Diana Sanmiguel, Karen Forero and Giovanna Mogollón first stumbled upon each other in Bogotá’s ruedas – informal gatherings of musicians playing traditional music in the capital’s streets. Acknowledging their common love for gaitas (a traditional Colombian flute) and drums, Forero challenged her two new friends to try their luck at Ovejas’ Festival Nacional de Gaitas in 2014. At the time, it was both a musical novelty and a feminist stand for an all-female group to play at such a male-dominated event.

“That first year wasn’t brilliant,” they confess. “But we went back the following year and won the amateur category, which led to a great deal of recognition and it prompted us to start carving our own path. That meant not only playing traditional music, but also taking a shot at songwriting.” Since there is no shortage of female groups in Bogotá working with traditional music as their creative basis, they started to reflect on how they could put together a sound that would make them unique in the city. “And once we asked ourselves what could differentiate us,” Mogollón says, “we thought that being bogotanos from Colombian Caribe where all this folk music comes from, we should lend a ‘Bogotá touch’ to the music we were going to make.”

Musically speaking, this ‘Bogotá touch’ means being porous to rock and hip-hop influences, as well as other countries’ music traditions, such as merengue or rumba. When all this effortlessly gelled together, La Perla was truly born. But their uniqueness doesn’t end there. Apart from the instrumental output, with a somewhat punk attitude applied to regional rhythms, Forero believes that their lyrics “stress the difference” between their music and any tradition that was passed along to them. “While traditional lyrics always narrate a rural environment, these urban city lyrics speak of themes that are closer to our lives.”

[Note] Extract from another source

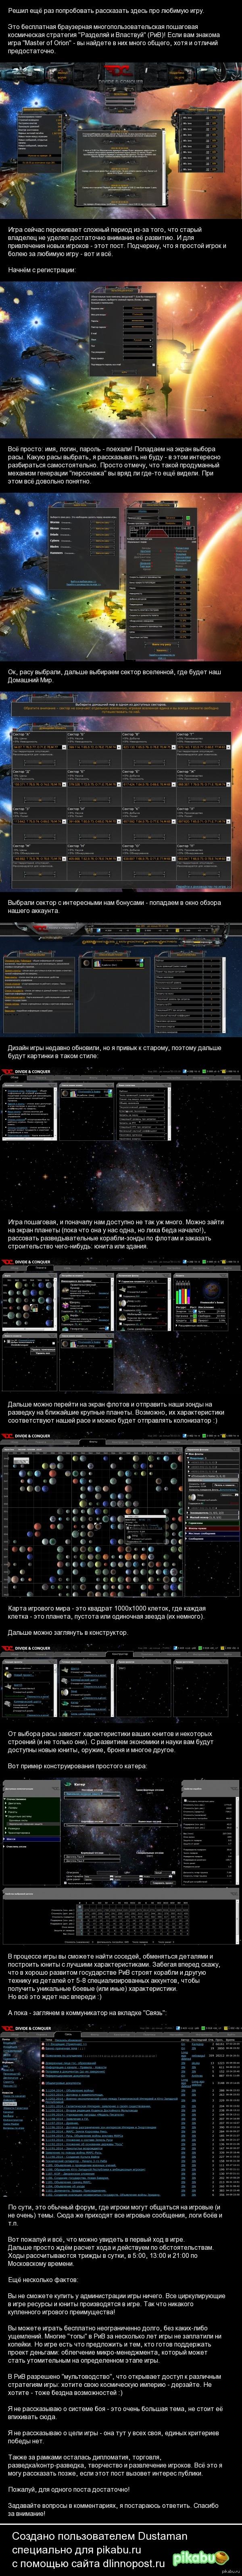 Белые буквы на чёрном фоне Всё это вы найдете по ссылке www.the-game.ru

La Perla (photo: Kapturing)

La Perla (photo: Kapturing)

Sanmiguel explains that they don’t shy away from singing about “the harsh labour that often goes unrecognised of those who work the fields” (as heard on ‘El Sol’), “Amazonia’s bleeding devastation” (on the track ‘Selva’), or the mistreated Indigenous culture (listen to ‘Chicharachera’). Nor are they silent on the assassination of ecological and social leaders fighting for justice and equal rights. In short: “We sing about the raw violence that we’ve lived in this country and, still, we get to sing about la fiesta.”

All these songs are part of Callejera, the Colombians’ long awaited debut that follows their 2021 collaboration with UK jazz sensation Nubya Garcia. The album features an array of rhythms from the Gran Caribe, from cumbia and merengue to rumba, champeta and bullerengue. While sounding these different rhythms, the members of La Perla sing, point fingers and celebrate life and nature. Named after the music they heard growing up in the streets (calles), Callejera’s tropical drums are a roaring echo that travels through time, sounding a thunderous traditional resistance to contemporary violence. At the same time, La Perla claim, the drums act as a reminder of the continuous struggle for identity.